Let’s see how large the dataset would be in total if all of the files were present. For this, we supply an additional option to datalad status. Make sure to be (anywhere) inside of the longnow dataset to execute the following command:

$ datalad status --annex
236 annex'd files (15.4 GB recorded total size)

Woah! More than 200 files, totaling more than 15 GB? You begin to appreciate that DataLad did not download all of this data right away! That would have taken hours given the crappy internet connection in the lecture hall, and you aren’t even sure whether your hard drive has much space left…

But you nevertheless are curious on how to actually listen to one of these .mp3s now. So how does one actually “get” the files?

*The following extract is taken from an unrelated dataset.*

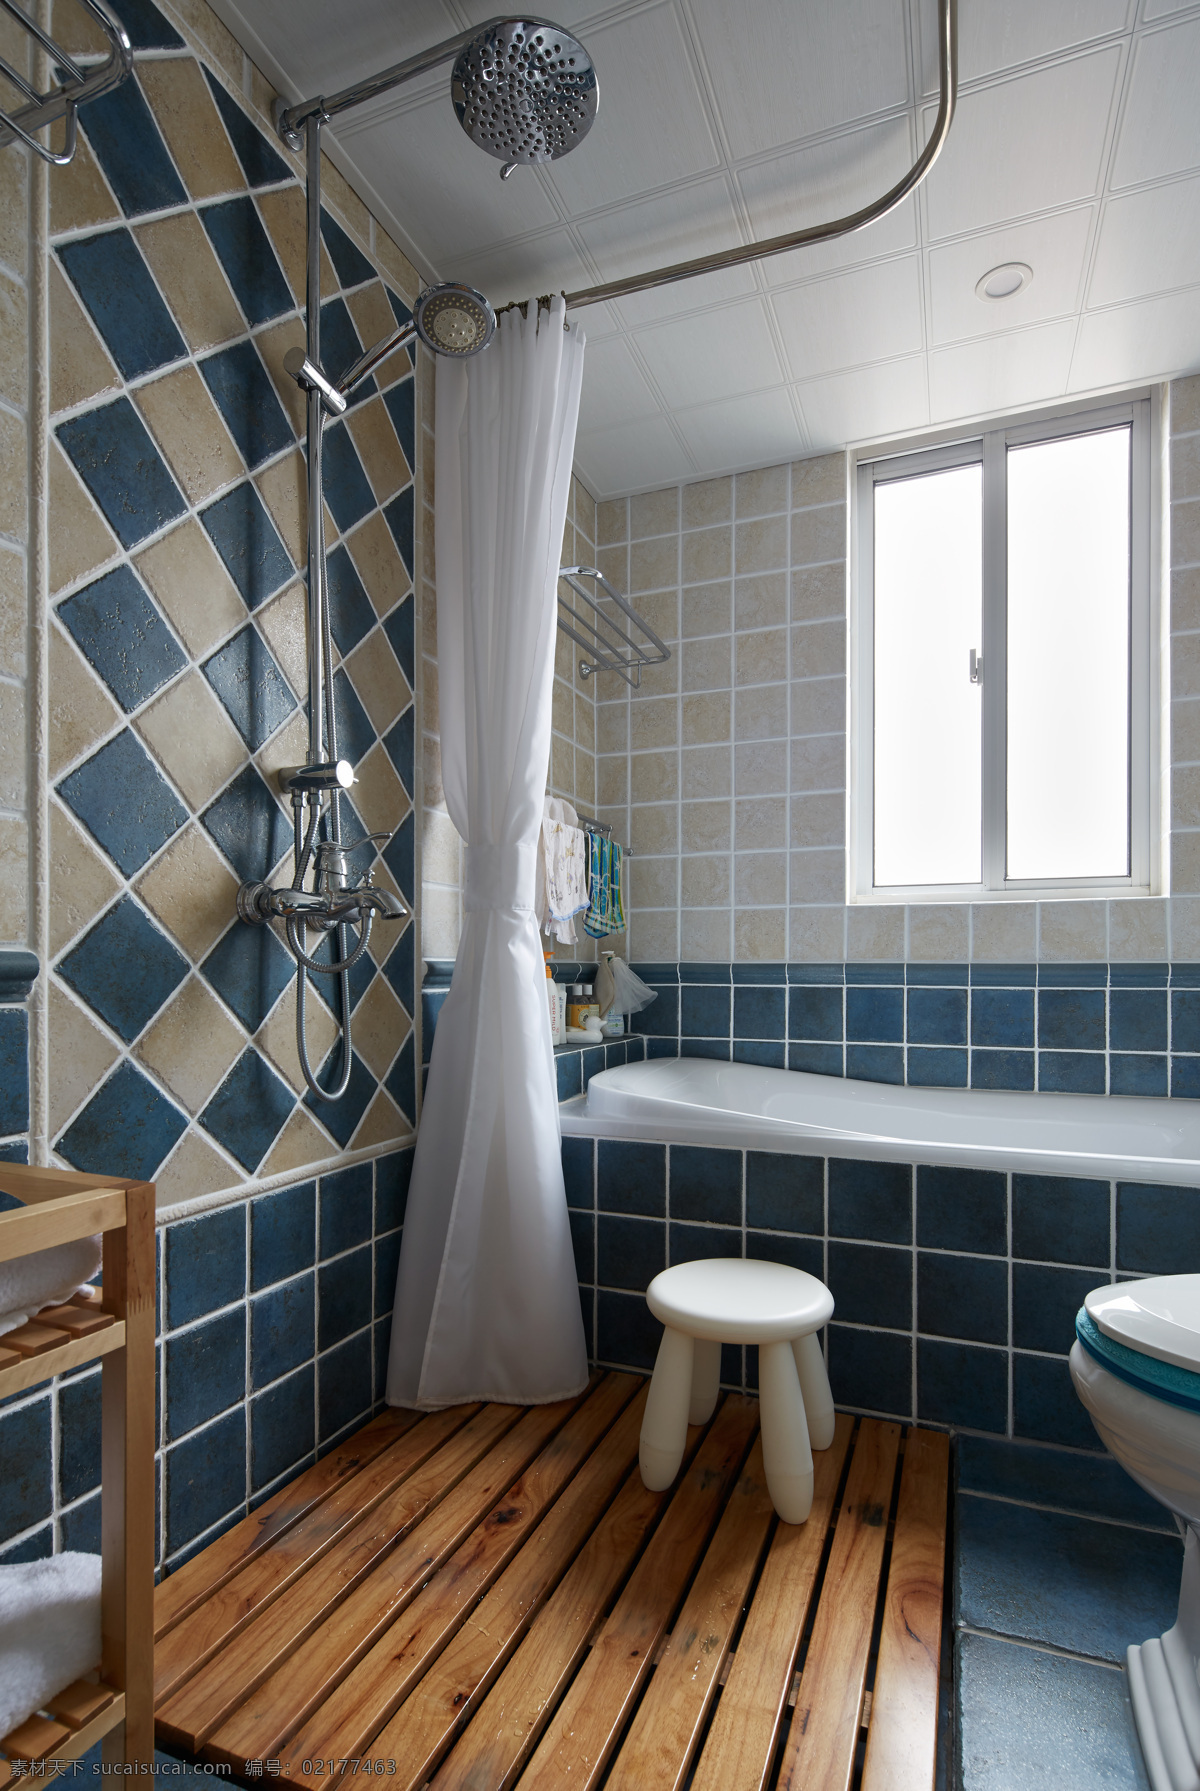 现代 地中海 风格 浴室 浴缸 墙砖 效果图 蓝色 装修 高清大图 室内设计

The command to retrieve file content is datalad get (datalad-get manual). You can specify one or more specific files, or get all of the dataset by specifying datalad get . (with . denoting “current directory”).

First, we get one of the recordings in the dataset – take any one of your choice (here, its the first).

$ datalad get Long_Now__Seminars_About_Long_term_Thinking/2003_11_15__Brian_Eno__The_Long_Now.mp3
get(ok): Long_Now__Seminars_About_Long_term_Thinking/2003_11_15__Brian_Eno__The_Long_Now.mp3 (file) [from web...]

Try to open it – it will now work.

If you would want to get the rest of the missing data, instead of specifying all files individually, we can use . to refer to all of the dataset like this:

$ datalad get .

(However, with a total size of more than 15GB, this might take a while, so do not do that now. If you did execute the command above, interrupt it by pressing CTRL + C – Do not worry, this will not break anything)

Isn’t that easy?

Let’s see how much data is now present locally. For this, datalad status --annex all has a nice summary:

$ datalad status --annex all
236 annex'd files (35.7 MB/15.4 GB present/total size)

This shows you how much data of the total data is present locally. With one file, it is only a fraction of the total size.

Let’s get a few more recordings, just because it was so mesmerizing to watch DataLad’s fancy progress bars.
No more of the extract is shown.